Whether Boston Beer Company even counts as a craft brewery anymore is debatable. Technically, the Brewers Association limits the designation to those who produce up to 6 million barrels of beer a year. Boston Beer pumped out 8.13 million barrels last year.

Still, its little guy reputation lingers, in part because Koch keeps experimenting with new brews and techniques. “They’re definitely still a craft brewer in our book,” said Steinman of Beer Marketer’s Insights. He argued that there’s no perfect way to define the term, but that “the way that they interact in the market is in the craft beer aisle.”

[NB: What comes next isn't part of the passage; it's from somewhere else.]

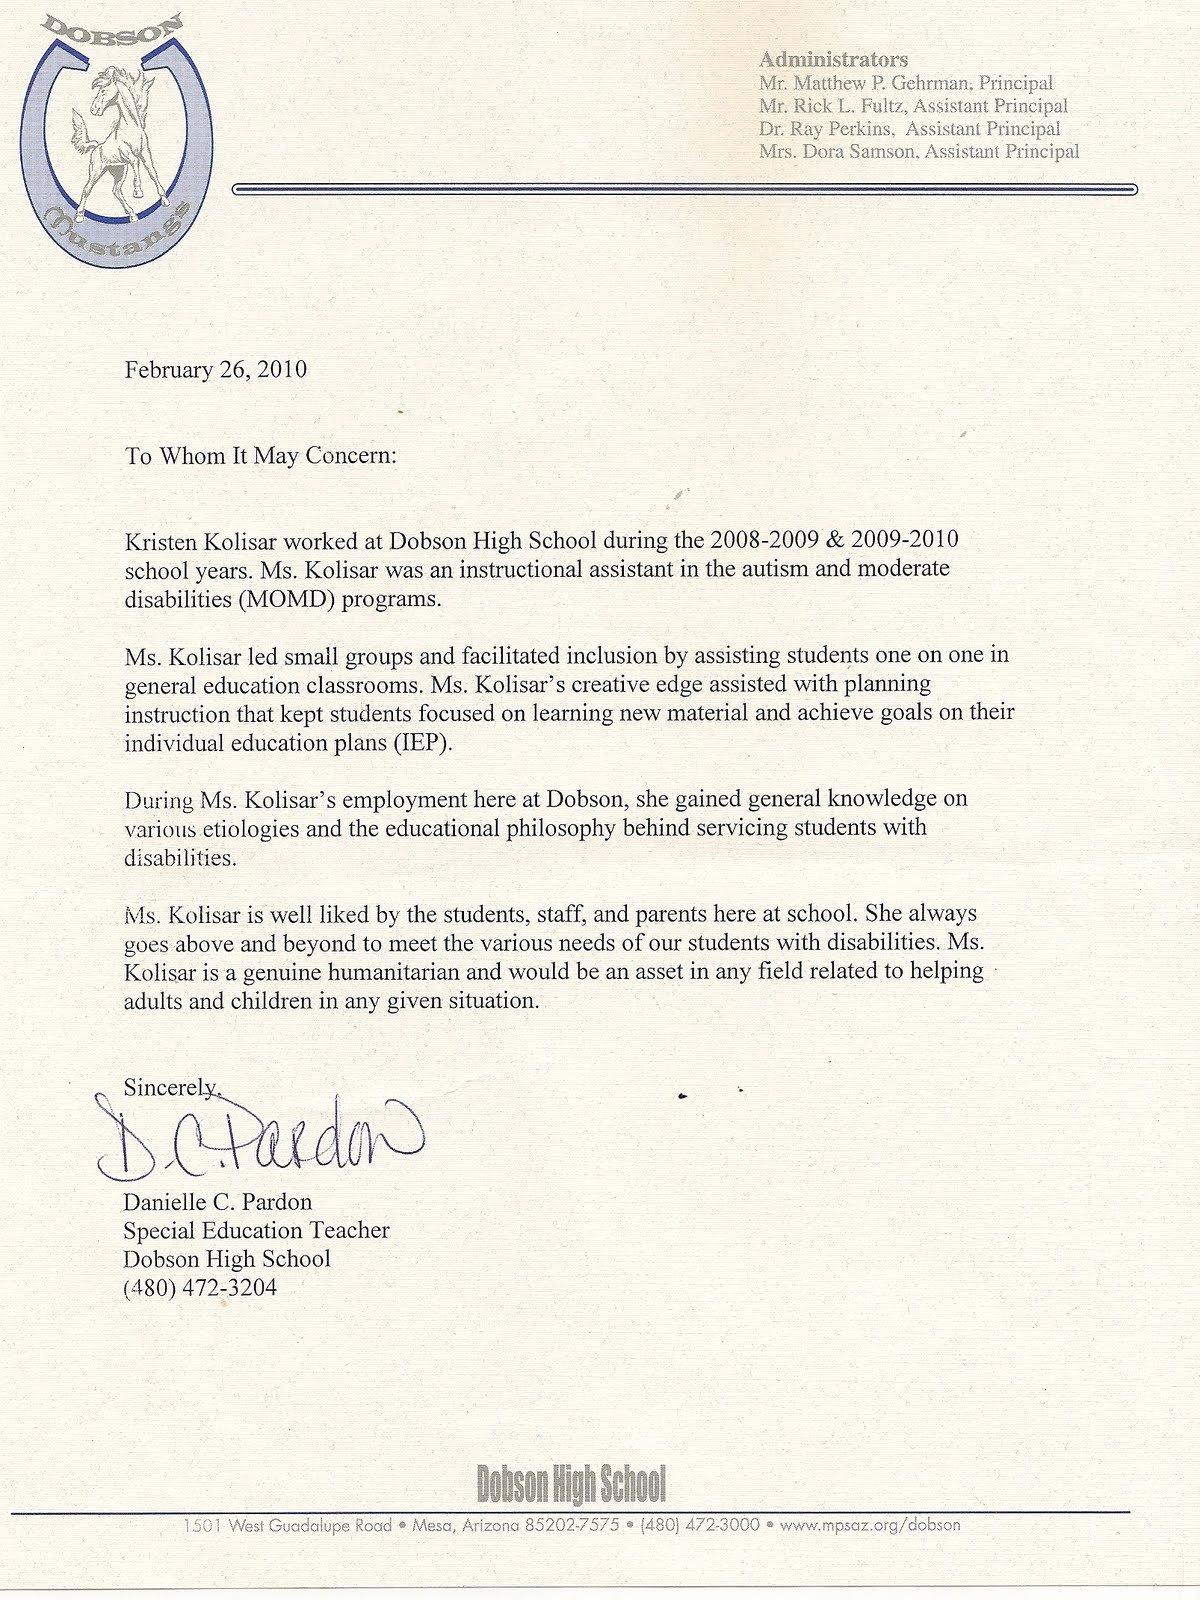 Pardon Letters Samples Best Of Bis401 Internship
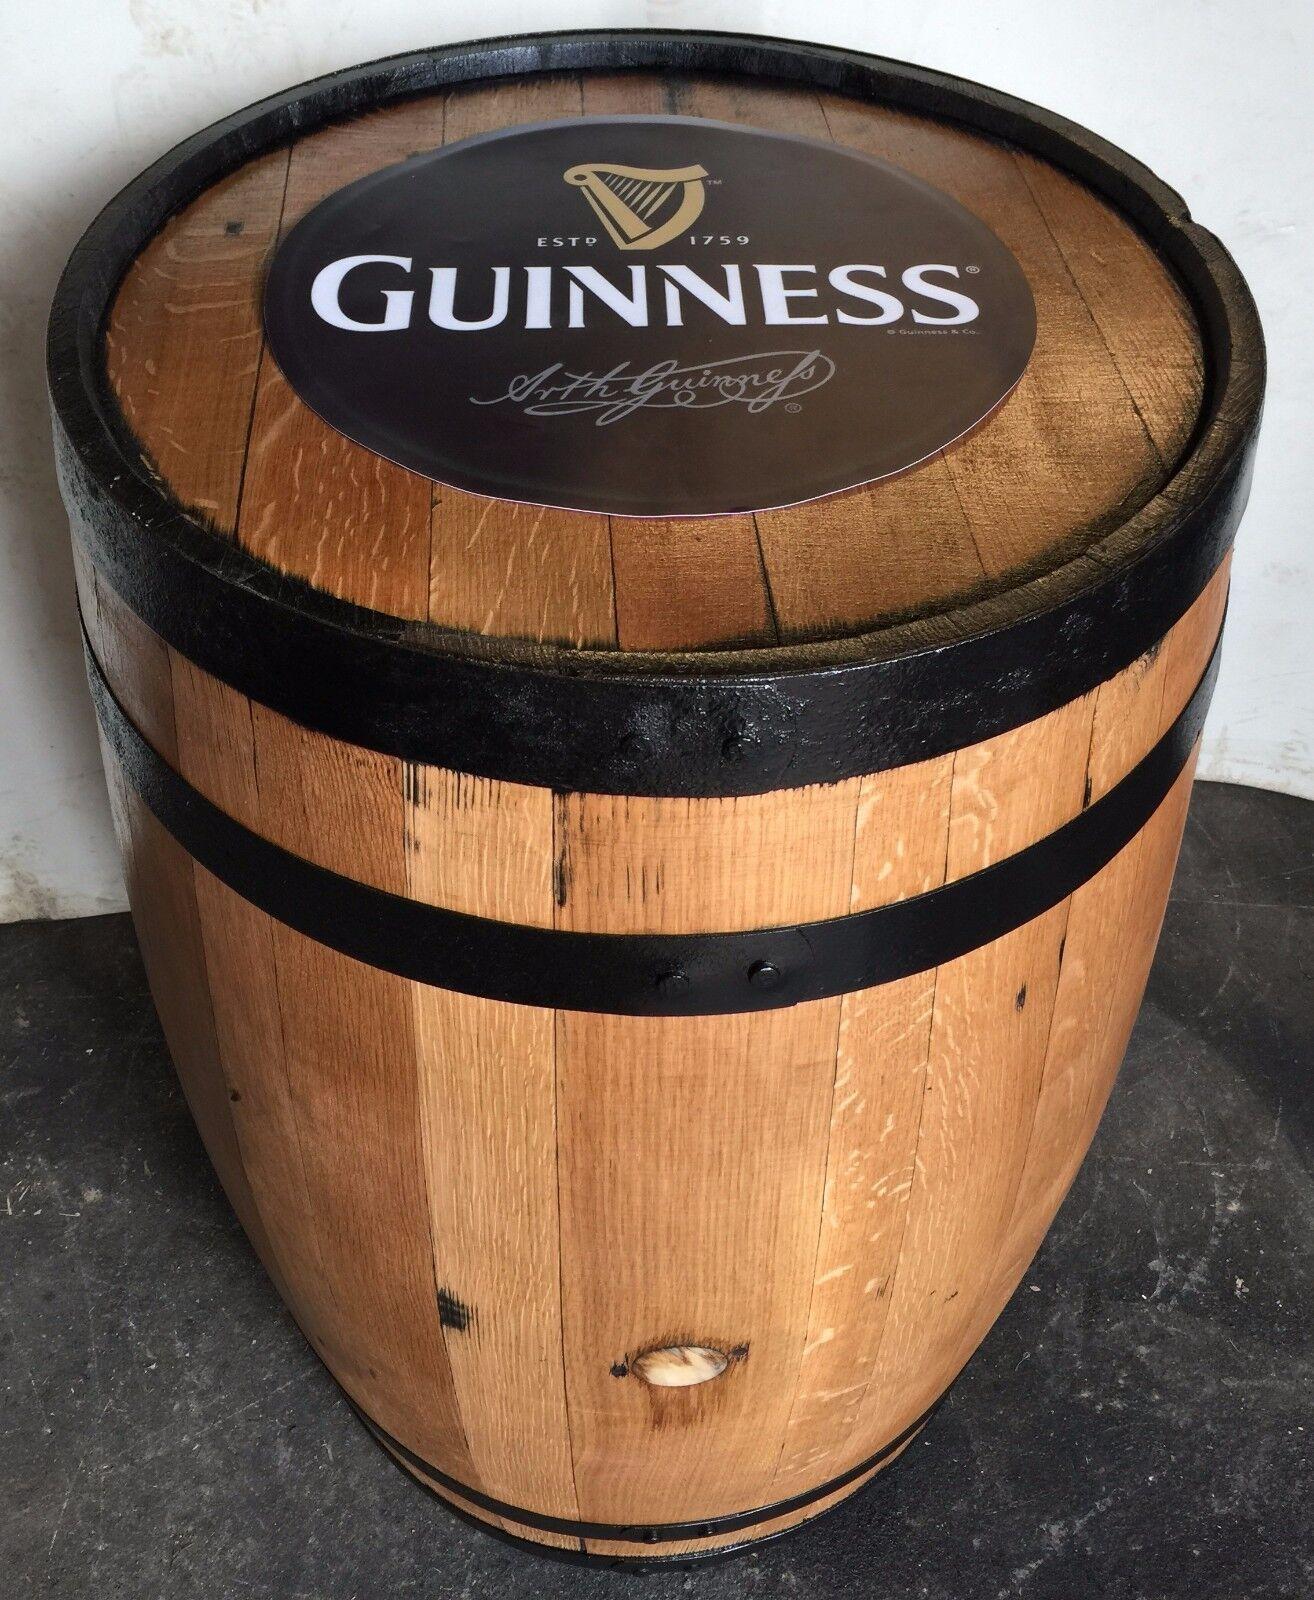 Reformado Guinness marca Roble Sólido Whisky Barril   Muebles de jardín   Barril

The six microbreweries vying for Koch’s mentorship at Friday’s event were tiny operations run by as few as two people. Many of their founders still have full-time day jobs.

“We make our tap handles by hand,” said Bhavik Modi of the Chicago-based Azadi Brewing Company. “My wife does our can art.” Marc Geller of New Jersey’s Three 3s Brewing said he was “down on the floor cleaning up a leaky tank this morning.” Brewers emphasized that coaching from Koch in how to navigate the ups and downs of the industry would be invaluable at their early stages of operation.

When asked whether he could see Boston Beer Company acquiring one of those microbreweries one day, Koch said likely not—“they’re perfectly fine the way they are”—but added, “Who knows? One thing I’ve learned is never say never.”

Despite the multiple challenges for young craft beer startups, there is opportunity. Bart Watson, chief economist at the Brewers Association, noted that long-term potential for industry growth still exists if small breweries develop new strategies to broaden their appeal. “Will craft [beer] be bigger than it is now in 10 years? I would like to believe so. Will it be bigger than it is now in two or three years? Maybe not.”

Koch points out that the infrastructure around startups is more robust than it was when he started out in 1984. “Being an entrepreneur is now not considered at the lunatic fringe of capitalism, but rather something celebrated and admired,” he said. “Forty years ago, there wasn’t really much venture capital. People questioned your sanity. That’s not true anymore. Now entrepreneurs are the heroes of capitalism, which is kind of cool.”